The man who suddenly appears and wrestles with him in the dark is mysterious, but the context suggests that in some sense Jacob encounters God (Gen 32:30).[1] All his life, Jacob wrestled for blessing. Although this includes material benefits in its Old Testament meaning, blessing and birthright have a value as an acknowledgement, recognition, or approval of a person and their place in the world. This is what Jacob was striving for. Although physically he is no match for his opponent (witness how easily he is injured), but, as Walton helpfully points out, the battle is in the spiritual arena and the opponent cannot overcome him because Jacob is unwilling to yield.[2] He wants the blessing.

Finding our God-given place

The exchange that follows highlights how divine recognition and affirmation come. The question for Jacob’s name (Gen 32:27) is not a request for information but one of identity. Who are you? How do you see yourself? Jacob’s reply is an admission, ‘I am a cheat, a supplanter, a heel’ (the meaning of his name). It is a confession of an unsavoury character, someone who knows his faults. We can only find our God-given place in the world when we are able to admit where we have come from and what we are on our own. Paradoxically, it is in that moment of self-recognition that the Lord can transform us and give us a new destiny. God looks at Jacob and knows that beyond the cheat is a man who longs to be recognised and acknowledged, ultimately by God. He desires a good thing. In the past, he had hoped to gain approval from human sources but now he understands that the deepest acknowledgement must come from the Lord. His new name, Israel, indicates his destiny and new identity as a man who perseveres until he finds his God-given place (Gen 32:28).[3] Jacob prevails upon God, not because the Lord is too weak to resist him, but because He wants to bless all along. In fact, the blessing has already been promised and partially given to Jacob (Gen 28:13-14; 32:9-10), but only when he repents of his self-sufficiency and seeks Him can he fully take hold of it. Paradoxically, it is when Jacob submits to God that he overcomes. May we, too, seek Him with perseverance and humility.

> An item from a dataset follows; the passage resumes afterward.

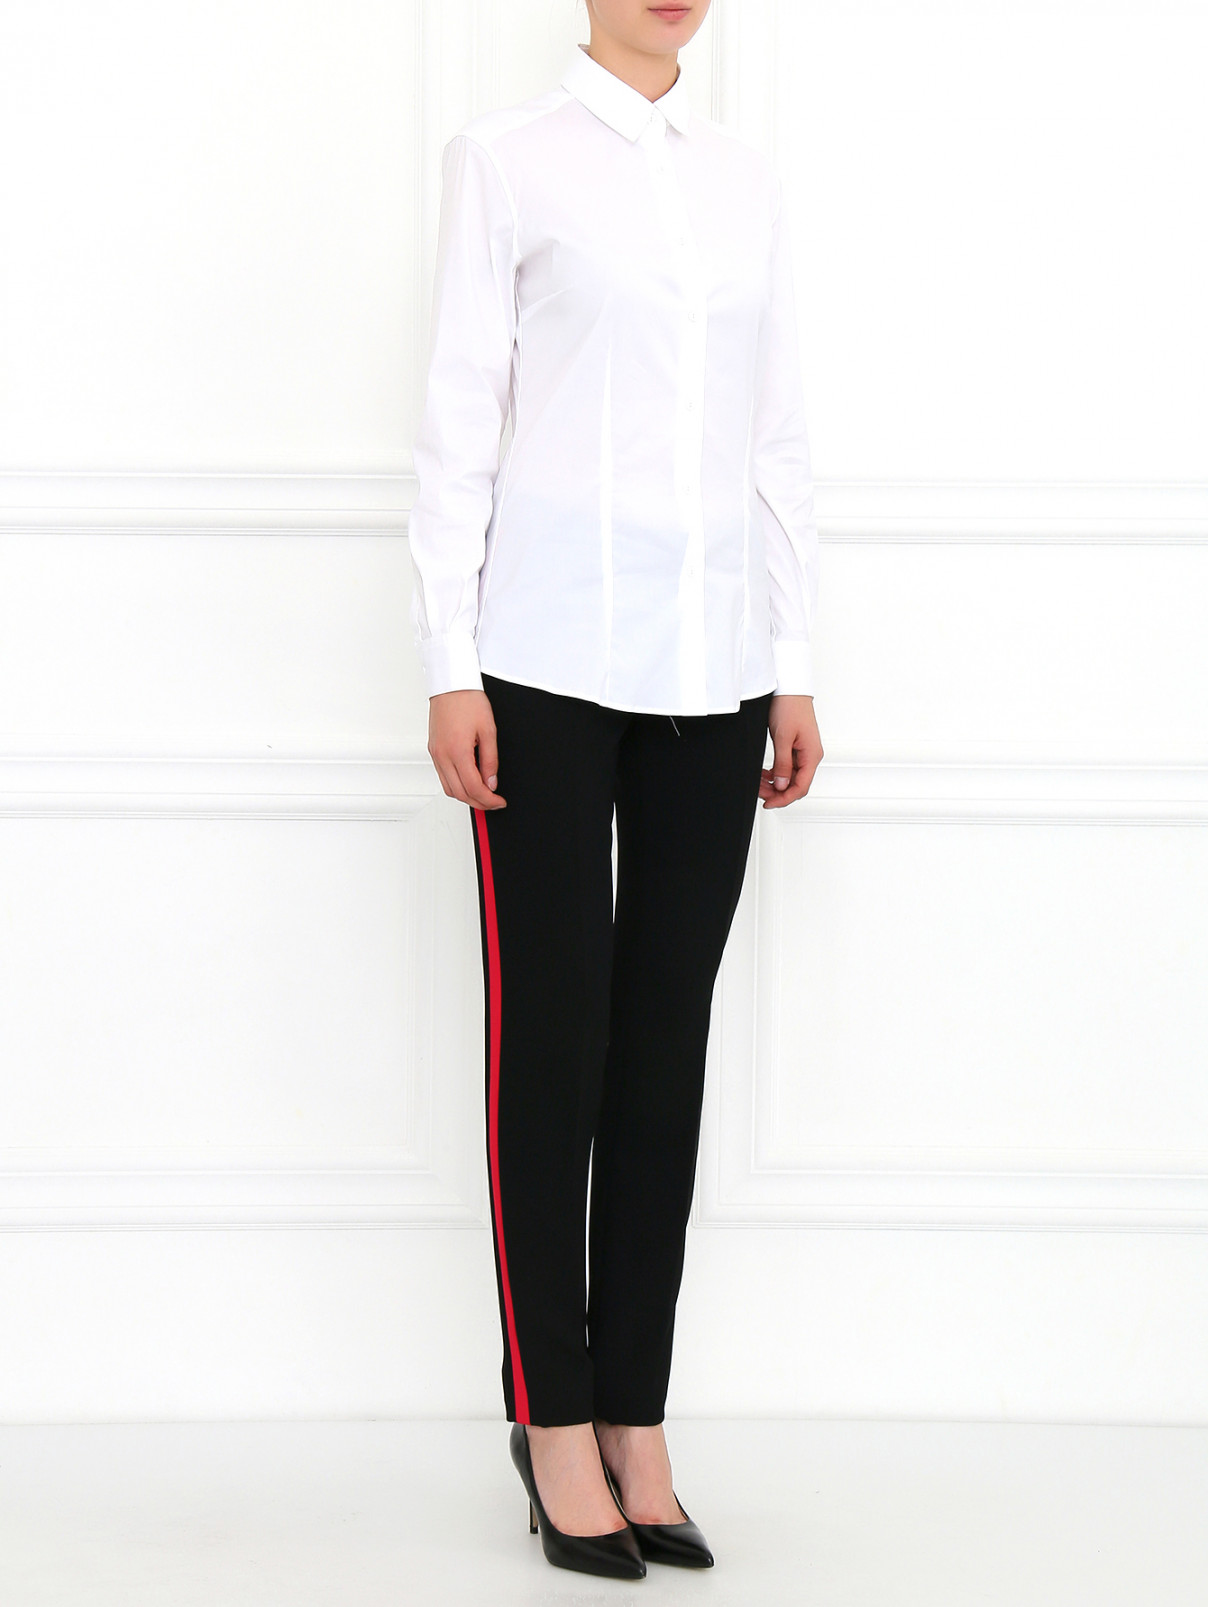 Узкие брюки с контрастными лампасами Barbara Bui  –  Модель Общий вид  – Цвет:  Черный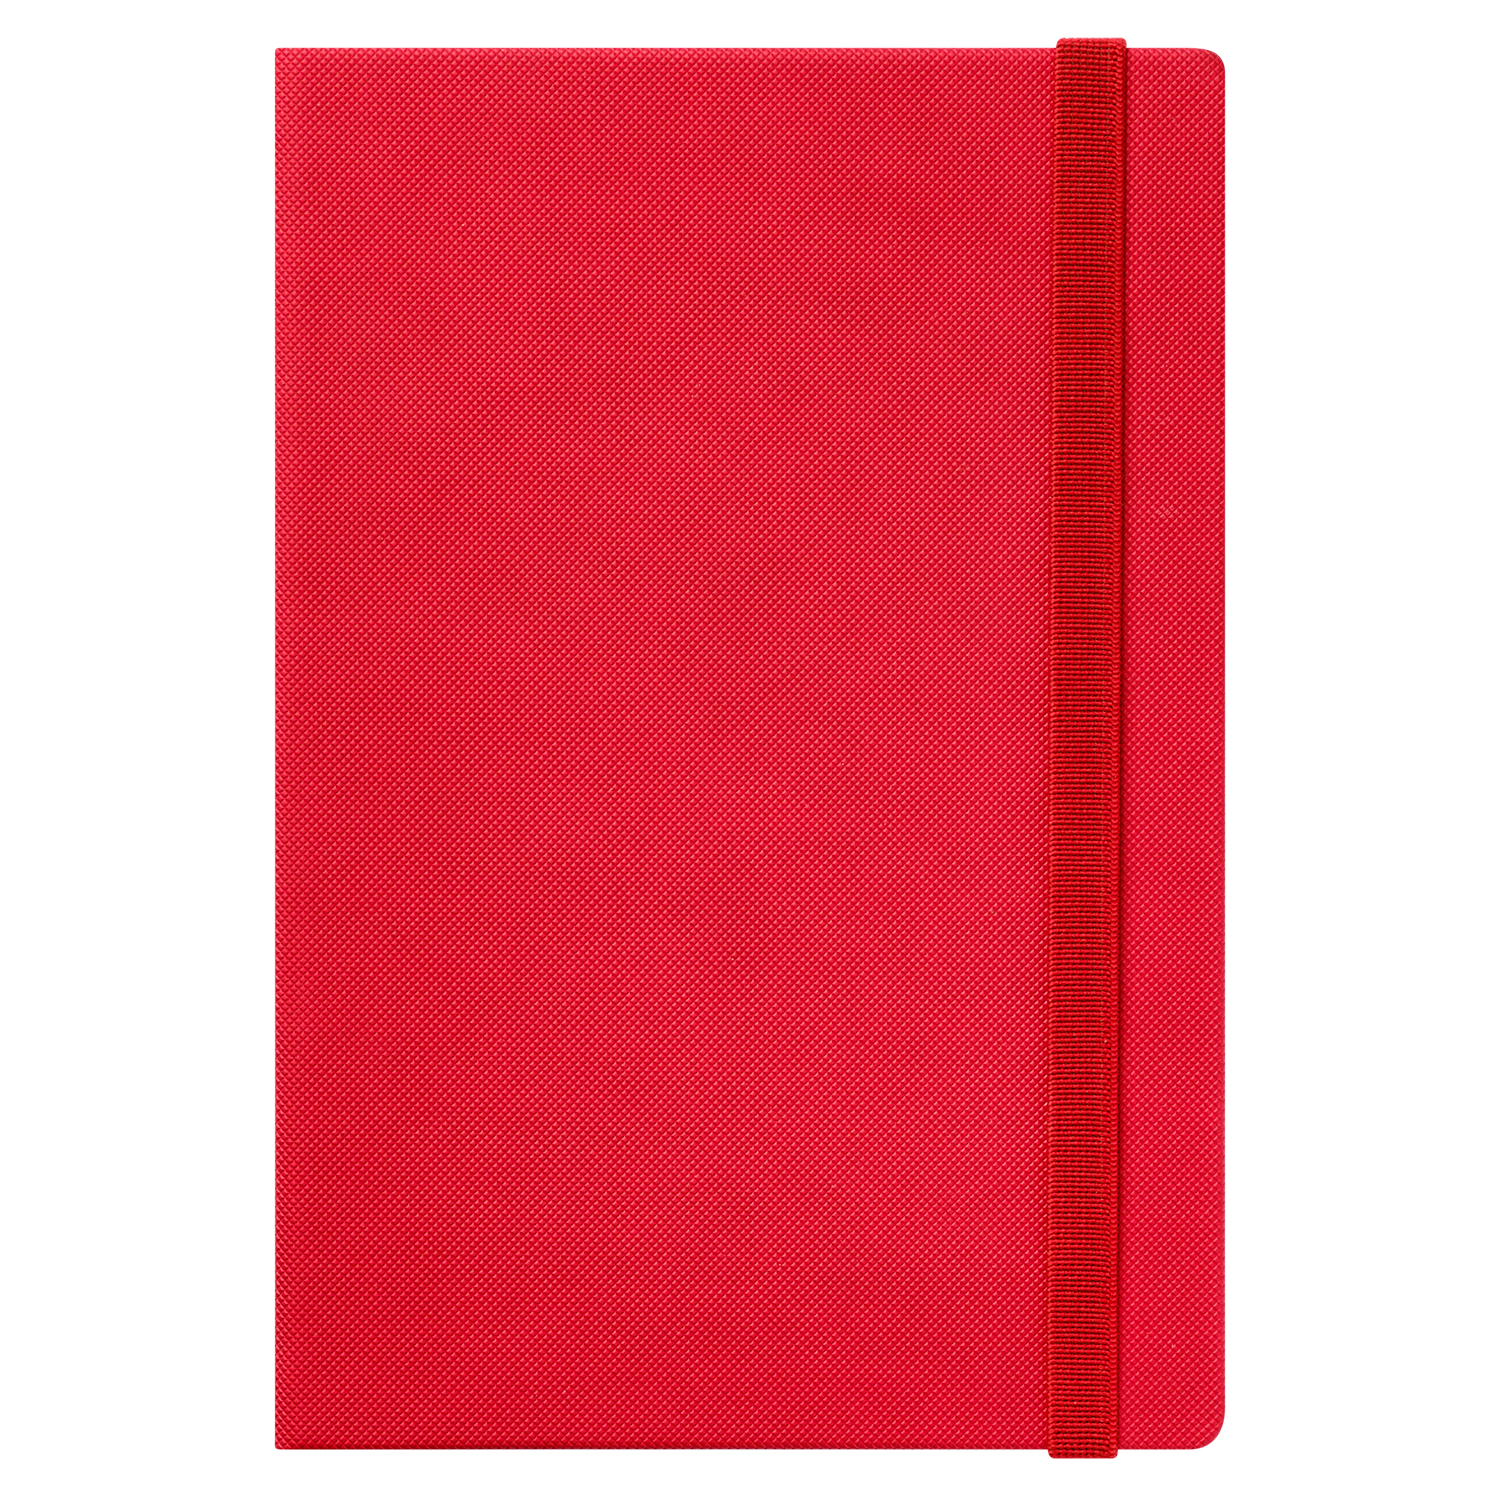 Ежедневник Canyon Btobook недатированный, красный (без упаковки, без стикера)

[1] The fact that Jacob asks his opponent to bless him suggests that he recognises the mysterious wrestler’s superiority (blessing is always given by the superior; Gen 32:26). Jacob’s name change also indicates that he wrestled with God here, and his naming the place Peniel (‘face of God’; Gen 32:30) testifies to his meeting God in some sense. The Old Testament is characteristically reticent in pinning down these encounters with the divine because it is concerned to preserve God’s transcendence (otherness). Often the designation ‘the angel of the LORD’ is used interchangeably with God. Thus, Hosea reflects on Israel’s ancestor and names the opponent alternately an angel and God in parallel lines (Hos 12:3-4).

[2] John H. Walton, Genesis, NIVAC (Grand Rapids: Zondervan, 2001), 605.

[3] I believe that Esau disqualified himself precisely because he took his firstborn status for granted and was more interested in material benefits, especially when it brought immediate satisfaction (witness his exchange of the birthright for a stew) than in the ultimate and spiritual value of his privilege.